Everything in the data gets repeated exactly, except for the pictures.

RAW DATA:
********

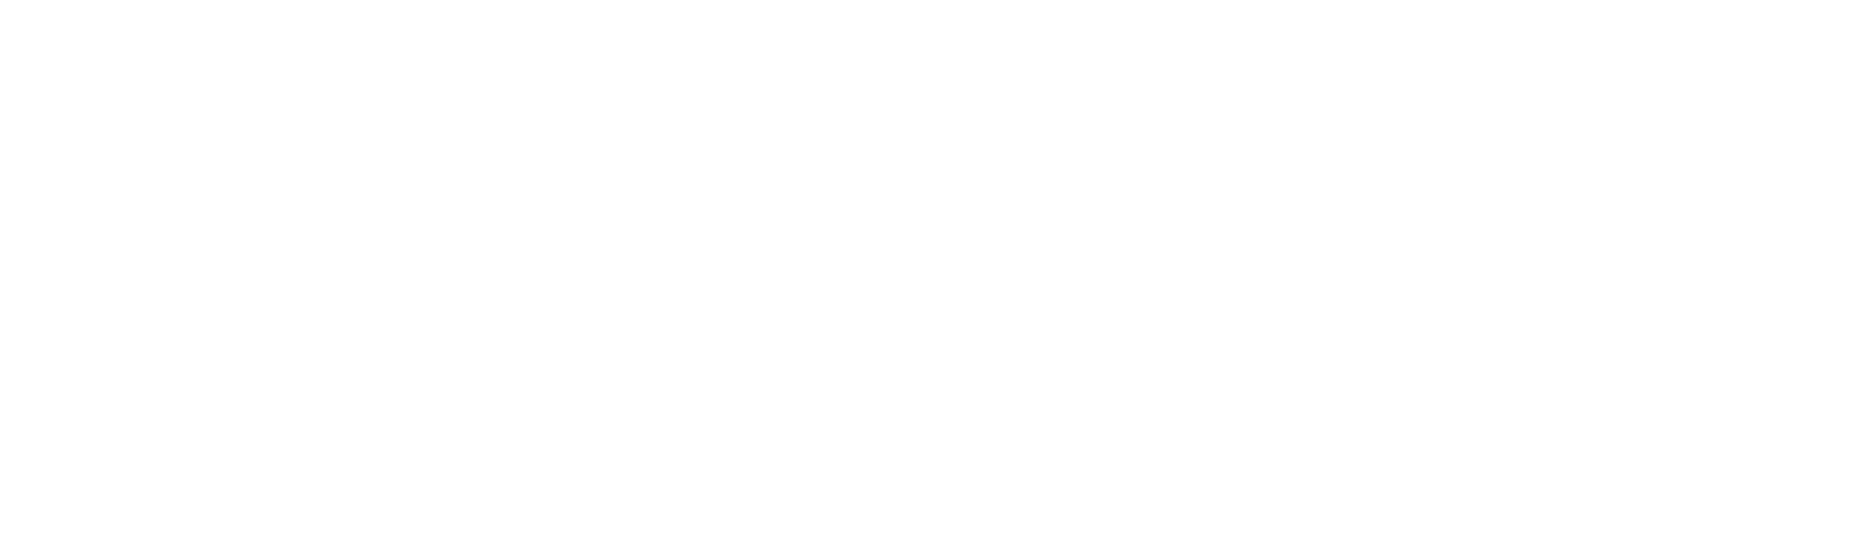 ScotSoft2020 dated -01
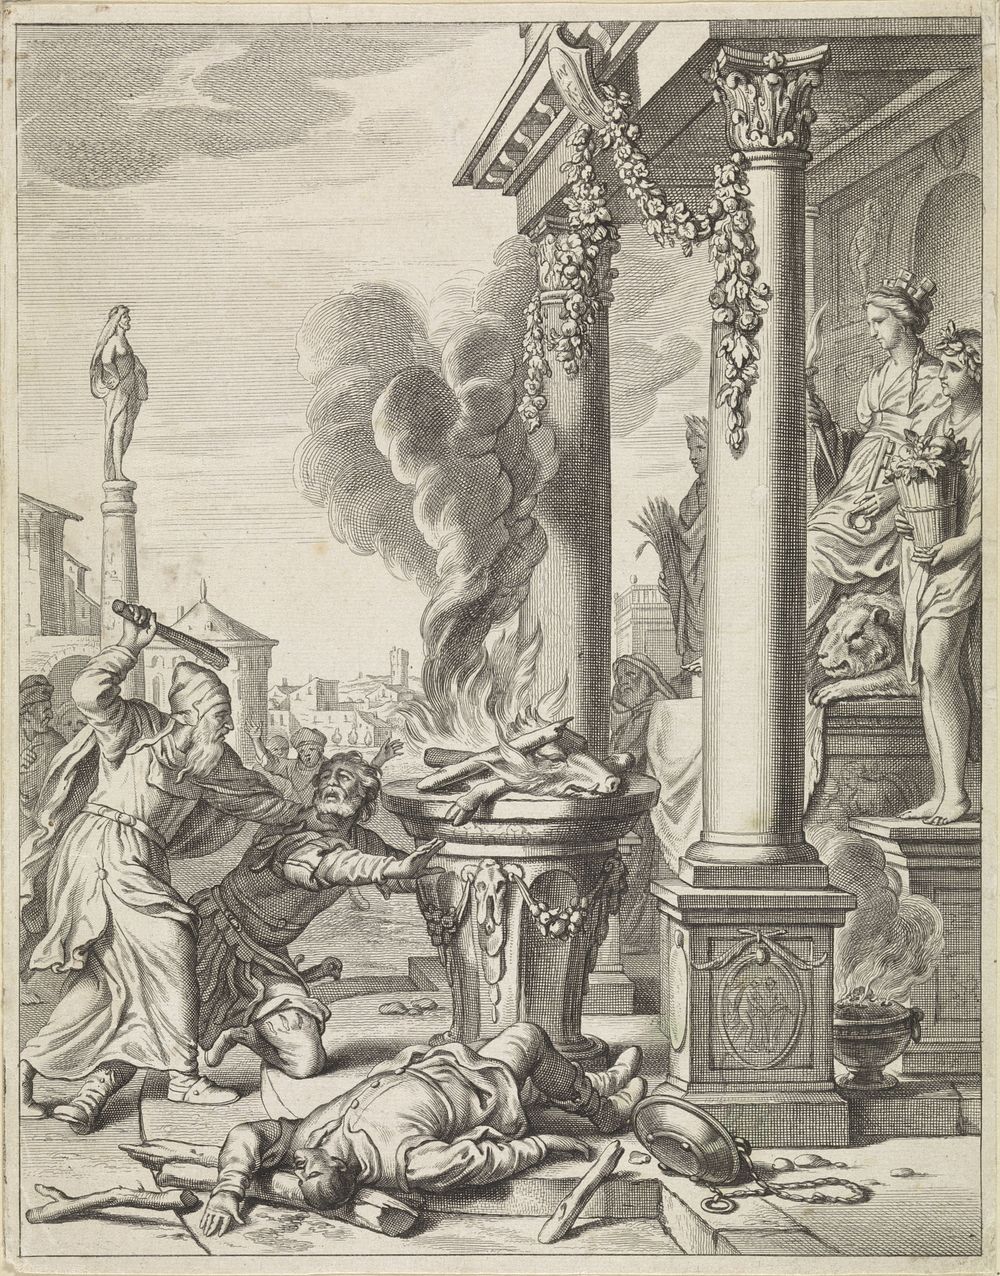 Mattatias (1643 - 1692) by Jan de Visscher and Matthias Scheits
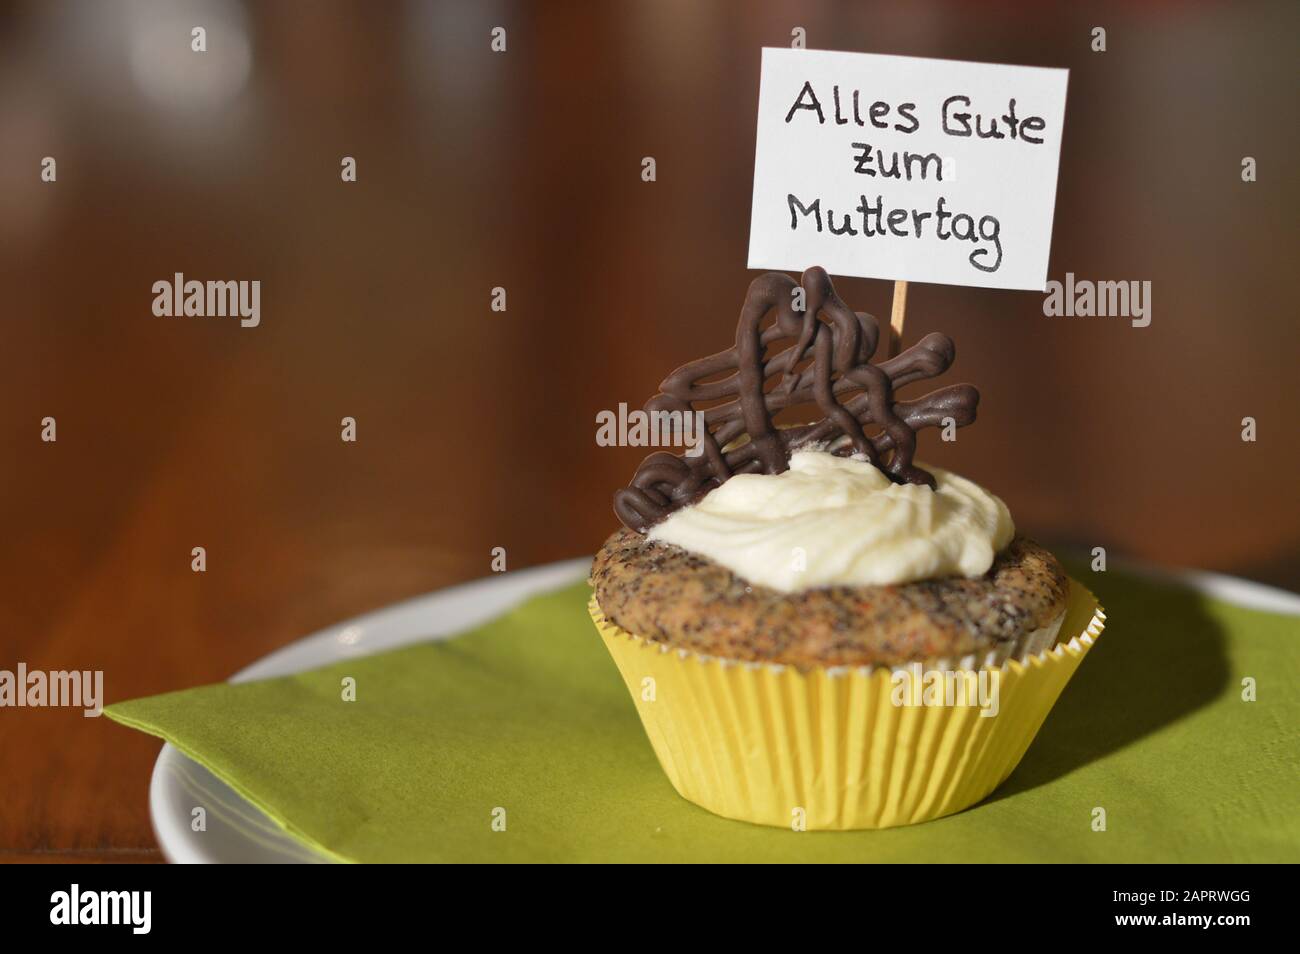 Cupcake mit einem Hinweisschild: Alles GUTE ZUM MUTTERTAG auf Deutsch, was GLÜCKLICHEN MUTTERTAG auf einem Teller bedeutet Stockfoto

********

ANSWER BELOW:
 ScotSoft2020 dated -01
 Mattatias (1643 - 1692) by Jan de Visscher and Matthias Scheits
 Cupcake mit einem Hinweisschild: Alles GUTE ZUM MUTTERTAG auf Deutsch, was GLÜCKLICHEN MUTTERTAG auf einem Teller bedeutet Stockfoto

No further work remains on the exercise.